Repenser la place et la fonction du politique en éducation formelle et non-formelle

Il est encore trop tôt pour pouvoir analyser les premiers résultats de l’élection présidentielle. L’analyse sera à mener en profondeur après le deuxième tour et certainement avec l’éclairage des élections législatives qui suivront. Pour autant, la campagne a montré et continue à mettre en évidence que certains sujets de société et d’importance auront largement été absents d’une partie des programmes mais surtout d’une majorité des discussions et des débats. Ainsi, et malgré le contexte, la santé, l’éducation, la culture et l’écologie auront été des parents pauvres de la campagne du premier tour. Ces sujets sont pourtant essentiels. S’ils sont peu traités politiquement (alors qu’ils sont extrêmement politiques), il est également intéressant de s’interroger sur la place de ses sujets dans les programmes scolaires et la manière dont ils sont abordés.

Au travers du sujet de l’écologie et du développement durable, le numéro 63 de la revue « Éducation et socialisation » questionne les « perspectives épistémologiques, socio-historiques et curriculaires » de l’éducation au politique. Dans l’article introductif de ce dossier  « Quelle éducation au politique pour les questions environnementales et de développement ? » Angela Barthes, Lucie Sauvé et Frédéric Torterat, écrivent :

« En somme, comment repenser le politique en éducation ? Dans quelle mesure est-il opportun de repolitiser l’éducation face aux grands enjeux actuels de sociétés ? Il importe en effet de repenser plus globalement la place et la fonction du politique en éducation formelle et non-formelle, principalement face à la nécessaire prise en charge par l’éducation des grands enjeux actuels de la société. Ces questions, souvent posées dans le cadre des « éducations à » (au développement durable, à la santé, à la biodiversité, à la citoyenneté…), traversent également des courants tels que l’enseignement des questions socialement vives ou les « controversial issues » (Levinson, 2017). Ces courants rejoignent par ailleurs l’éducation au temps de l’Anthropocène (Wallendhorst et Pierron, 2019, Lange et Kebaili, 2019) et au temps des transitions et urgences climatiques (Gibert, 2020), qui impliquent la prise en compte des enjeux globaux de société dans les enseignements transversaux de toutes sortes. De telles préoccupations rejoignent aussi des axes de réflexion exprimés dans certaines didactiques comme celles de l’histoire, de la géographie ou des sciences de la vie et de la terre, mais également dans les enseignements agricoles ou certaines filières des cycles supérieurs. Parallèlement, elles constituent autant d’incitations à réinterroger, dans une dimension plus ontologique, l’impolitisme (Rosanvallon, 2006), la prospective (Barthes, Blanc-Maximin, Dorier, 2019) et la repolarisation des situations éducatives.

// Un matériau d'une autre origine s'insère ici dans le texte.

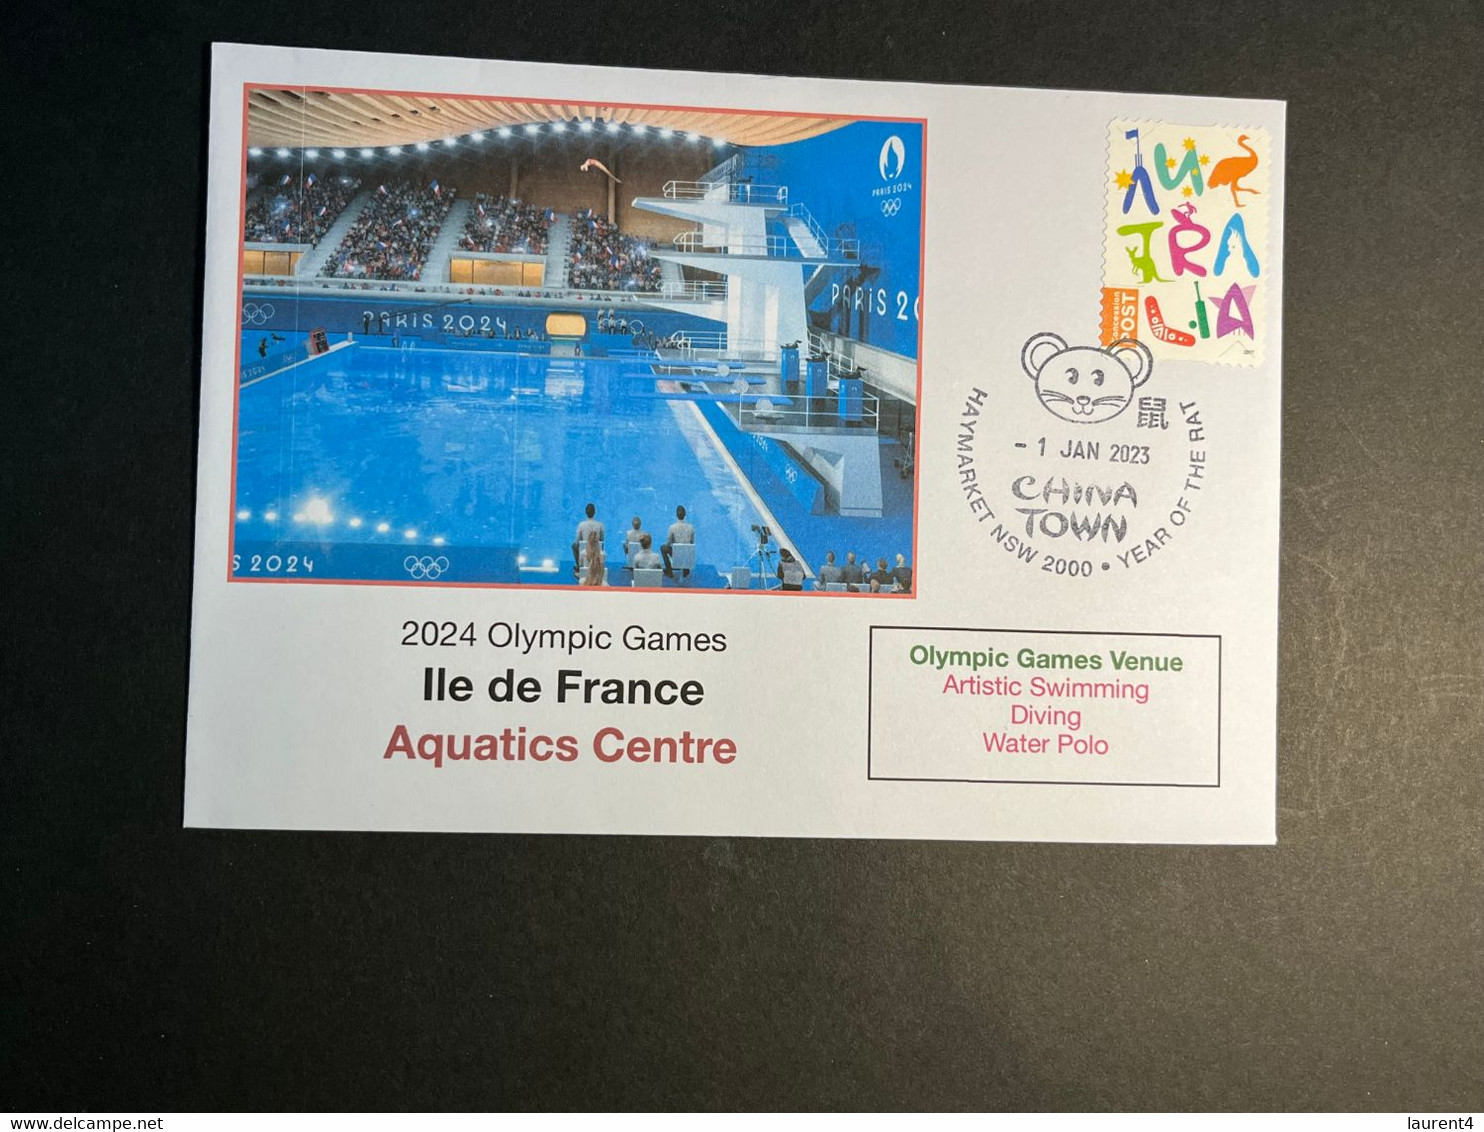 (3 N 2) 2024 France - Paris Olympic Games (1-1-2023) Location - Ile De France - Aquatic Centre (Swimming Diving W.Polo) - Estate 2024 : Parigi

Plus concrètement encore, il convient aujourd’hui de revenir sur les curriculums formels et non formels susceptibles de structurer non pas une, mais des éducations au politique dans différents pays comme le montre ce dossier. Cela suppose l’examen des prescriptions, l’identification des apports d’une éducation au politique dans différents milieux d’enseignement-apprentissage et la mise au jour des vécus d’enseignants, de formateurs ou d’apprenants. Sont également concernées ici, les réflexions et les études pragmatiques portant sur les contre-modèles à une éducation au politique pour peu qu’ils soient pensés comme tels. Mentionnons par exemple, les dispositifs qui favorisent la technicisation des questions politiques plutôt que leur examen complexe ou les cours de morale culpabilisantes privilégiant les bonnes pratiques environnementales ».

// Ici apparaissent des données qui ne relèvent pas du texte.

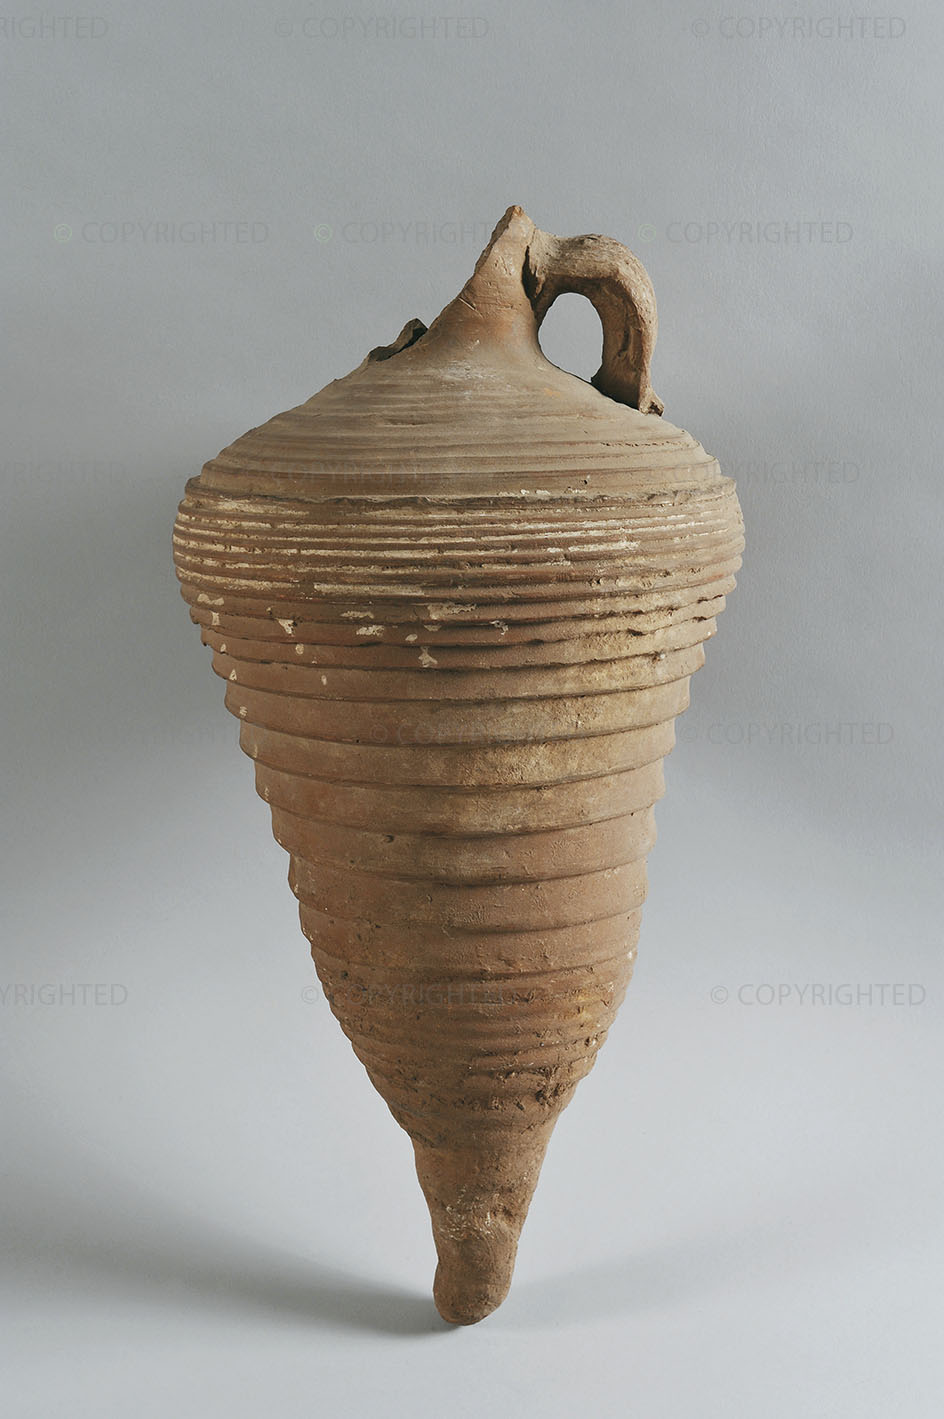 Fragmentary amphora

La formation des citoyens n’est certes pas le seul levier qui conditionne les débats électoraux et les propositions dans les programmes des candidat.e.s. Pour autant, l’École comme l’éducation non-formelle, et tout particulièrement l’éducation populaire, ont vocation à fournir aux citoyen.ne.s les connaissances et les éléments de compréhension qui leur permettent de faire des choix de société et d’avenir. La manière dont les sujets sociétaux sont abordés, la place qui leur sont donnée, les analyses critiques qui en sont proposées dans les lieux d’Éducation ont un rôle essentiel dans la construction de la citoyenneté. La participation électorale des jeunes et au-delà leur difficulté de se situer dans l’univers politique, d’y trouver leur place, de s’y engager mettent en évidence que la place et la fonction du politique en éducation formelle et non-formelle est à renforcer, ce qui pourrait constituer une nouvelle base de travail dans la construction des programmes scolaires à venir.